Métatarsalgies
La métatarsalgie est une douleur située sous l’avant-pied, au niveau des têtes des métatarsiens. Très fréquente, elle peut apparaître progressivement ou brutalement, lors de la marche, de la course ou même au simple appui. Cette douleur n’est pas une maladie en elle-même mais le symptôme d’un déséquilibre mécanique ou d’une pathologie de l’avant-pied. Un diagnostic précis permet d’en identifier la cause et de proposer un traitement adapté, qu’il soit médical ou chirurgical.
Qu’est-ce qu’une métatarsalgie ?
Le terme métatarsalgie désigne toute douleur localisée sous l’avant-pied, en regard des têtes des métatarsiens.
Les métatarsiens sont les cinq os longs qui relient le milieu du pied aux orteils. Lors de la marche, ils supportent une partie importante du poids du corps. Lorsque les contraintes deviennent excessives sur l’un ou plusieurs d’entre eux, une douleur apparaît.
La métatarsalgie est donc un symptôme pouvant avoir plusieurs origines :
- surcharge mécanique
- déformation anatomique de l’avant-pied
- atteinte inflammatoire
- atteinte articulaire
- atteinte musculo tendineuse
- atteinte nerveuse
- atteinte osseuse (fracture de fatigue)
Le traitement dépend avant tout de la cause identifiée.
Anatomie de l’avant-pied et mécanisme de la douleur
L’avant-pied est constitué :
- des cinq métatarsiens
- des articulations métatarso-phalangiennes
- des phalanges des orteils
- d’un coussinet graisseux et d’une bourse plantaire jouant un rôle d’amortisseur
- des tendons, ligaments (plaque plantaires) et muscles stabilisant les articulations
Lors de chaque pas, le poids du corps se transfère progressivement vers l’avant-pied avant la propulsion. Ce mécanisme sollicite particulièrement les têtes métatarsiennes.
Lorsque la répartition des charges devient anormale, certaines zones supportent des pressions excessives. Cette hyperpression entraîne progressivement une inflammation des tissus (bursites), un épaississement de la peau (durillons), une douleur à l’appui et parfois une souffrance des articulations (lésion de la plaque plantaire) ou des nerfs voisins.
Causes et facteurs de risque des métatarsalgies
Les métatarsalgies peuvent avoir de nombreuses origines.
Les causes mécaniques sont les plus fréquentes :
- hallux valgus
- avant-pied rond
- orteils en griffe
- métatarsien trop long
- instabilité des articulations métatarso-phalangiennes
- perte du capiton graisseux plantaire avec l’âge
Certaines activités favorisent également leur apparition :
- course à pied
- sports avec impulsions répétées
- longues stations debout
- randonnée
Enfin, le chaussage joue un rôle majeur. Les chaussures trop étroites, à talons hauts ou insuffisamment amortissantes augmentent fortement les contraintes sur l’avant-pied.
Quels sont les symptômes d’une métatarsalgie ?
Le principal symptôme est une douleur située sous l’avant-pied.

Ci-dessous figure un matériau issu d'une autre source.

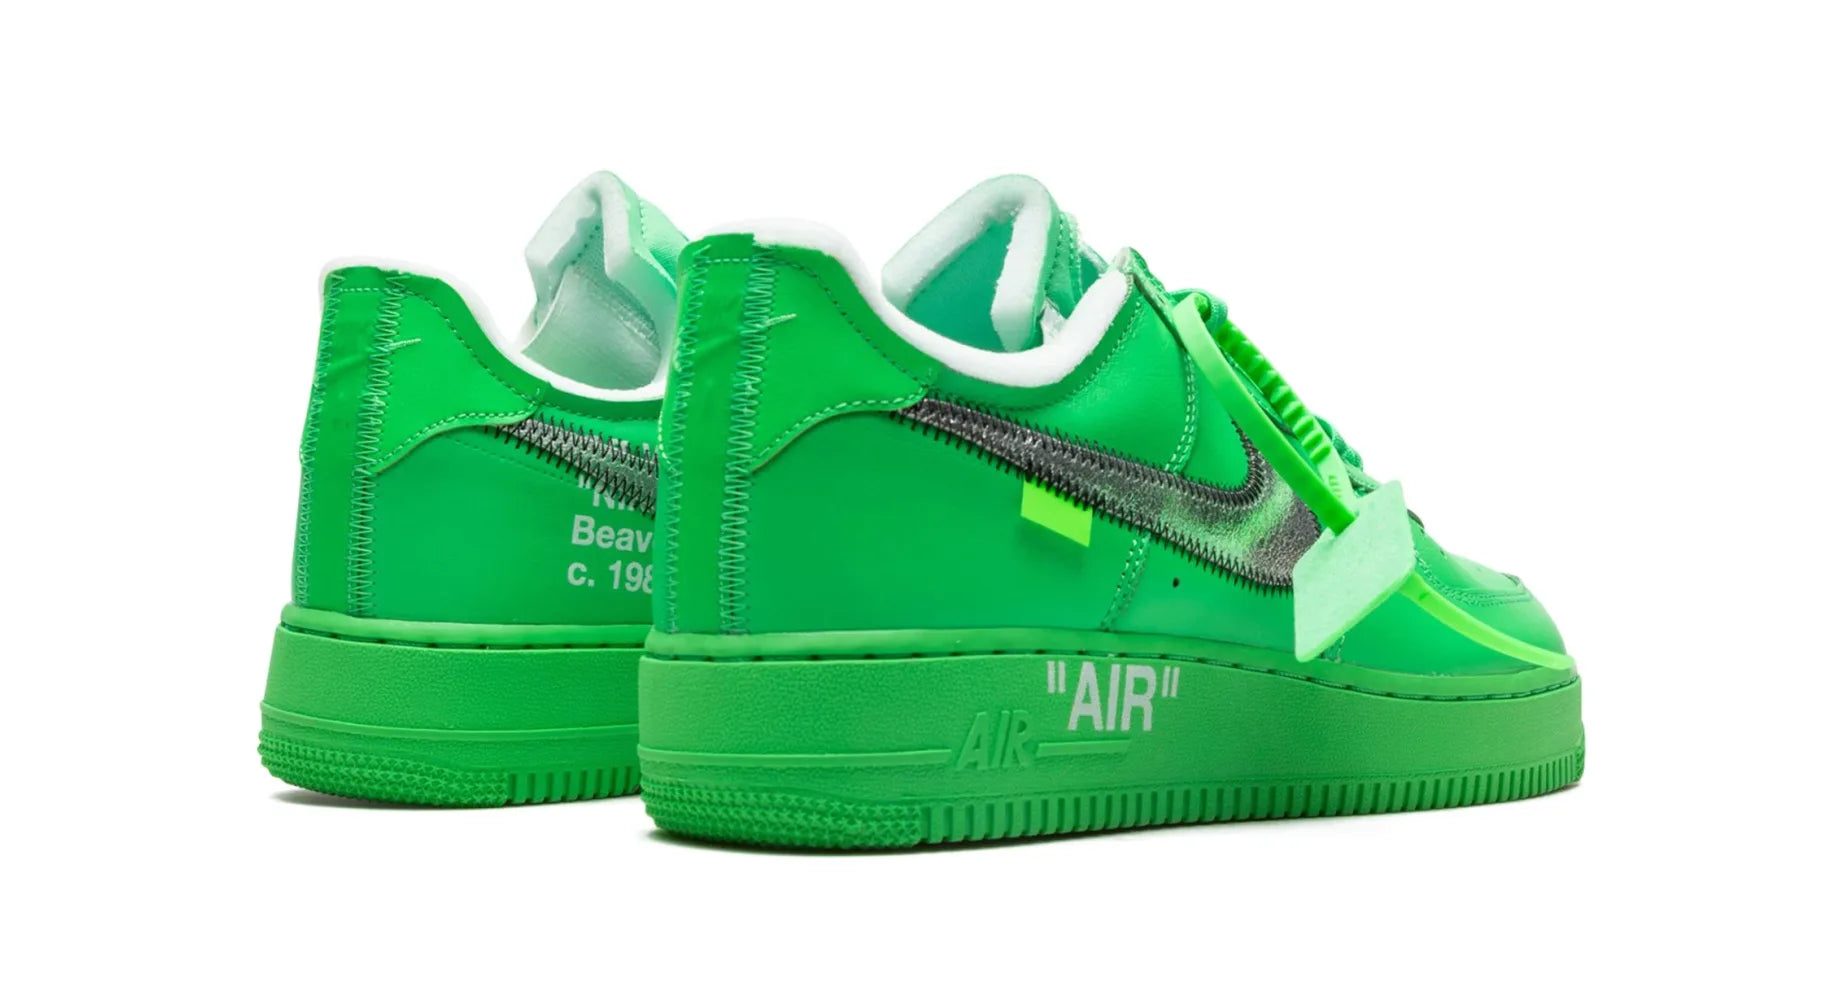 Nike Air Force 1 Low Off-White Brooklyn 7.5M/9W (Pre-Owned)

Les patients décrivent fréquemment :
- une sensation de marcher sur un caillou
- une douleur à l’appui
- une brûlure plantaire
- une douleur augmentant lors de la marche prolongée
- Selon la cause, d’autres signes peuvent être présents
- durillons sous les métatarsiens
- gonflement
- déformation des orteils
- sensation de décharge électrique ou brûlure
- engourdissement des orteils en cas d’atteinte nerveuse (névrome de Morton)
Comment diagnostiquer une métatarsalgie ?
Le diagnostic repose avant tout sur un examen clinique soigneux.
Celui-ci permet d’analyser :
- la localisation exacte de la douleur
- les déformations éventuelles
- la qualité de l’appui plantaire
- la marche
Des examens d’imagerie peuvent être nécessaires.
Les radiographies réalisées en charge sont indispensables pour analyser l’architecture du pied, la longueur des métatarsiens, les déformations osseuses et une éventuelle arthrose.
Une IRM est souvent nécessaire permet d’affiner le diagnostic.
Le diagnostic précis est essentiel, car les traitements diffèrent selon la cause.
Traitement sans chirurgie : semelles et adaptation du chaussage
Dans la majorité des cas, le traitement est d’abord médical.
Selon la pathologie, il peut associer :
- adaptation du chaussage (suffisamment large)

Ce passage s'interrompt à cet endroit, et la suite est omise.